Denn wir hatten in den letzten beiden Jahren dieselbe Musik gehört, im Internet konnte ich es nachlesen: Tag für Tag, Stunde für Stunde, Stück für Stück. Auf einer Website namens Last.fm hatte ich Christian unter 25 Millionen weltweit verstreuten Kandidaten als den einen Menschen ermittelt, dessen Musikgeschmack meinem eigenen am ähnlichsten ist, bis in die letzten Verwinkelungen hinein. Seit Anfang 2007 hatte ich dort nach meinem Alter Ego gefahndet, die Algorithmen dieser Internetseite machten es möglich.

Gesucht hatte ich allerdings auch schon vorher, weniger systematisch, fast mein Leben lang: seit ich mir mit zehn Jahren meine erste Beatles-Platte gekauft hatte (bei Hertie für zehn D-Mark). Ganze Nachmittage lang hörten meine Grundschulkumpel und ich sie immer wieder an, grenzenlos begeistert. Umso erstaunter waren wir, dass es außerhalb unseres Zirkels Leute gab, die diese Begeisterung kein bisschen teilten. Wie konnte das sein? Warum mag der eine dies und die andere das? In der Teenagerzeit wurden diese Fragen drängender, die Musik stiftete und spaltete Freundschaften, später inspirierte sie Liebesgefühle oder weckte leise Zweifel an der Angebeteten (Lionel Richie?). Es war immer wieder dasselbe Thema, in etlichen Variationen: Kann, darf, soll man Menschen nach ihrer Lieblingsmusik beurteilen?
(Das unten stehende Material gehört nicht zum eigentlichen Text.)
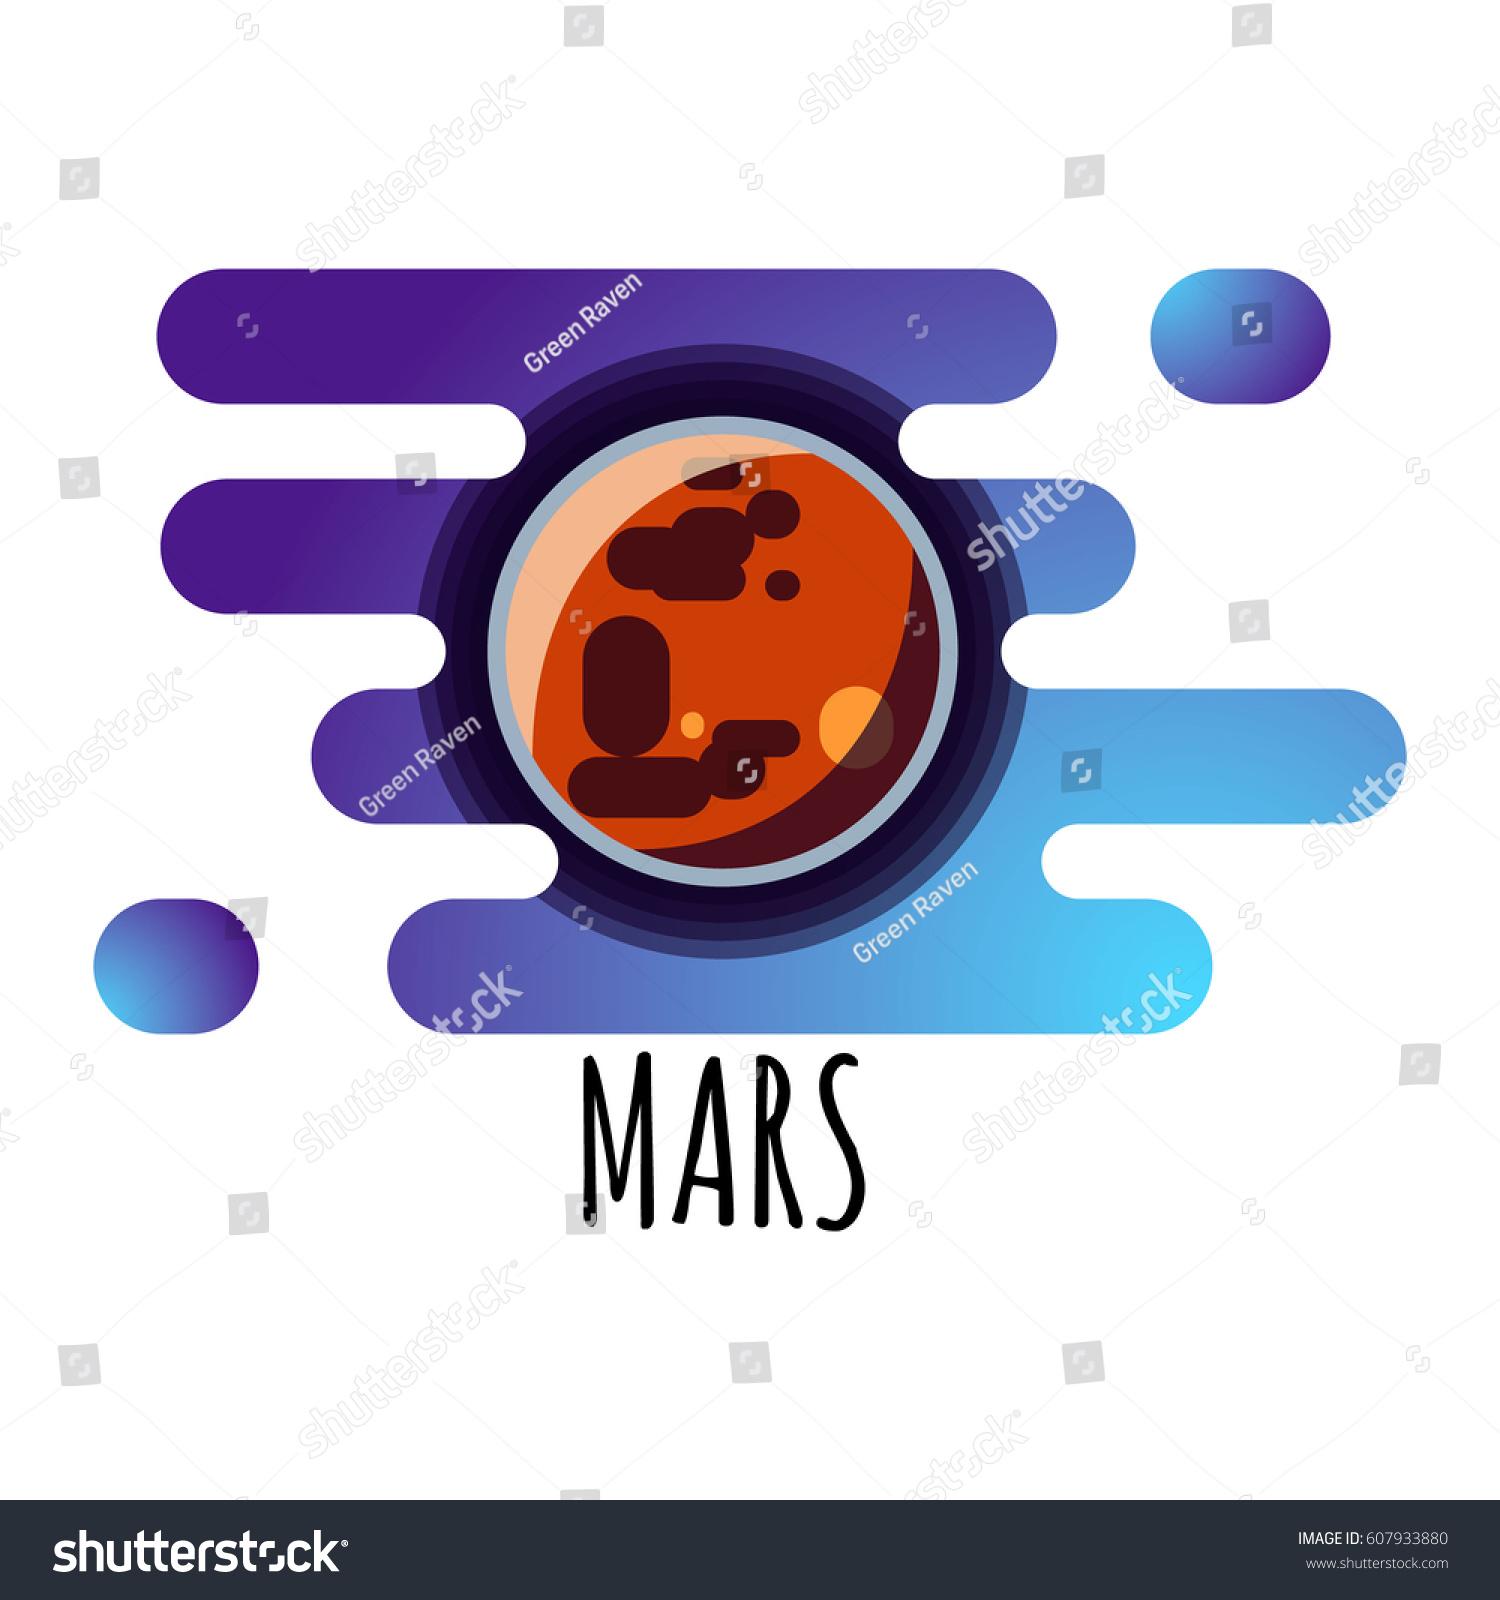 mars planet vector - photo #30

Eine brauchbare Antwort fand ich nie. Inzwischen weiß ich immerhin, dass auch Soziologen, Psychologen, Musikologen noch an der Beantwortung dieser Frage arbeiten, in den letzten Jahren, aus guten Gründen, intensiver denn je: Noch nie gab es so viele Musikrichtungen, noch nie war Musik aller Art so leicht zugänglich.

Mit der Suche nach meinem Doppelgänger wollte ich einer Antwort auf meine Kindheitsfrage näherkommen. Um ihn zu finden, unternahm ich eine Expedition in die Zukunft der Musik.

Last.fm war für meine Suche wie geschaffen, dort dreht sich alles um den Geschmack einzelner Hörer. Es ist eine Art Internetradio, ein treffenderes Bild aber wäre: eine Klangbibliothek, in der die gesamte Musik der Menschheit Platz findet und in der Millionen Leute stöbern, Stücke anhören, Empfehlungen austauschen – und sich dabei gelegentlich kennenlernen.

Zu etwas Neuem, auch Unheimlichem, wird Last.fm durch ein Verfahren namens Scrobbling: Jeder Musiktitel, den die (kostenlos) registrierten Benutzer auf ihren Computern und MP3-Playern hören, wird auf dem Zentralrechner in London gespeichert. Jeder Benutzer bekommt von Last.fm eine eigene Seite, auf der alles Gehörte dargestellt wird, sortiert nach den am häufigsten gespielten Stücken. Erkennt Last.fm Parallelen zwischen zwei Hörern, stellt es sie einander als sogenannte Nachbarn vor, wenn sie Gefallen aneinander finden, können sie sich zu "Freunden" erklären. Dieses simple Prinzip – ermöglicht durch reichlich komplizierte Technik – verändert derzeit nicht nur die Musikwelt, sondern auch viele Menschen. Ich habe es erlebt.

Zur systematischen Erforschung – oder Ausspähung – der Vorlieben von Millionen Menschen sind Musikdateien perfekt geeignet. Es trifft sich, dass Musik nach landläufiger Meinung besser als alle anderen Kunstformen imstande ist, das tiefste Innere des Menschen zu berühren und zu offenbaren. Sie rührt an verborgene Gefühle, existenzielle Erfahrungen, wenn man so will: die Seele. Nichts ist persönlicher als der Musikgeschmack.

Umso erstaunlicher eigentlich, dass so viele ihren Musikgeschmack, Stück für Stück, bei Last.fm freiwillig zum öffentlichen Gut machen. Wie die meisten Benutzer verstecke ich mich bei Last.fm zwar hinter einem Pseudonym, trotzdem lasse ich dort die ganze Menschheit in meine Seele gucken.